Confidence intervals determined by the Monte-Carlo sampling were consistent with the standard deviations determined for the subsampled data on Extended Data Fig. 4h;

P values in Extended Data Fig. 4i were calculated using the Kolmogorov–Smirnov test.

Determination of the average number of cohesin molecules per bead

To infer the distribution of the number of cohesins per bead from the experimentally obtained distributions for the number of cohesins and beads per DNA, we used the following algorithm. First, we introduced parameter λ—efficiency of the bead–cohesin interaction. Our sampling procedure typically consisted of 10,000 steps; and at each step, we picked a DNA with cohesin distributed according to a sample randomly chosen from the experimentally measured distribution (Extended Data Fig. 2a) and assumed that each cohesin can bind a bead with probability λ. In case of successful binding, the bead had one cohesin attached to it. If there were other cohesins on this DNA, we assumed that the same bead binds them with 100% efficiency if they were spatially closer than 1 µm to the original cohesin, which resulted in the increased the number of cohesins attached to this bead.
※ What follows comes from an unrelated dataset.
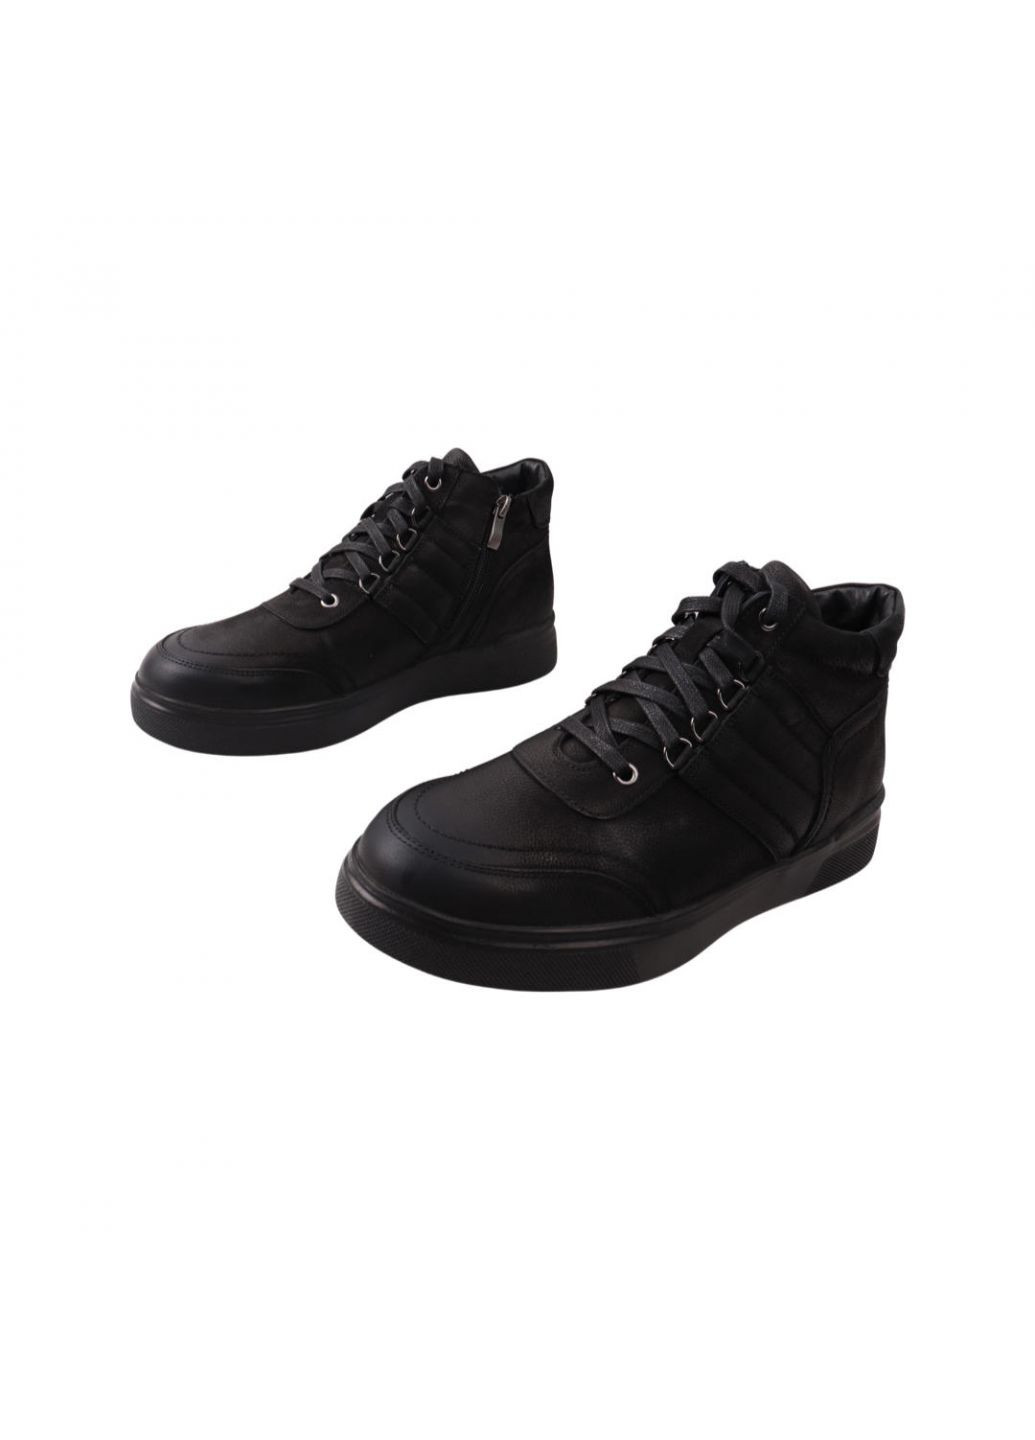 Черные ботинки мужские черные нубук Mida

If other cohesins on DNA were further away than 1 µm from the initial cohesin, we assumed that they could also bind to the same bead, but with probability λ, which again would increase the number of cohesins bound to the bead.

This sampling yielded distributions of the number of cohesins per bead and the number of beads per DNA as a function of λ. We then varied λ to match the number of beads per DNA to the experimentally observed value (Extended Data Fig. 2a), which yielded the value of λ corresponding to our experimental conditions. The number of cohesins per bead for this λ gave us the corresponding distribution of the number of cohesins per bead in our experiments (Extended Data Fig. 2, right).

Reporting summary

Further information on research design is available in the Nature Portfolio Reporting Summary linked to this article.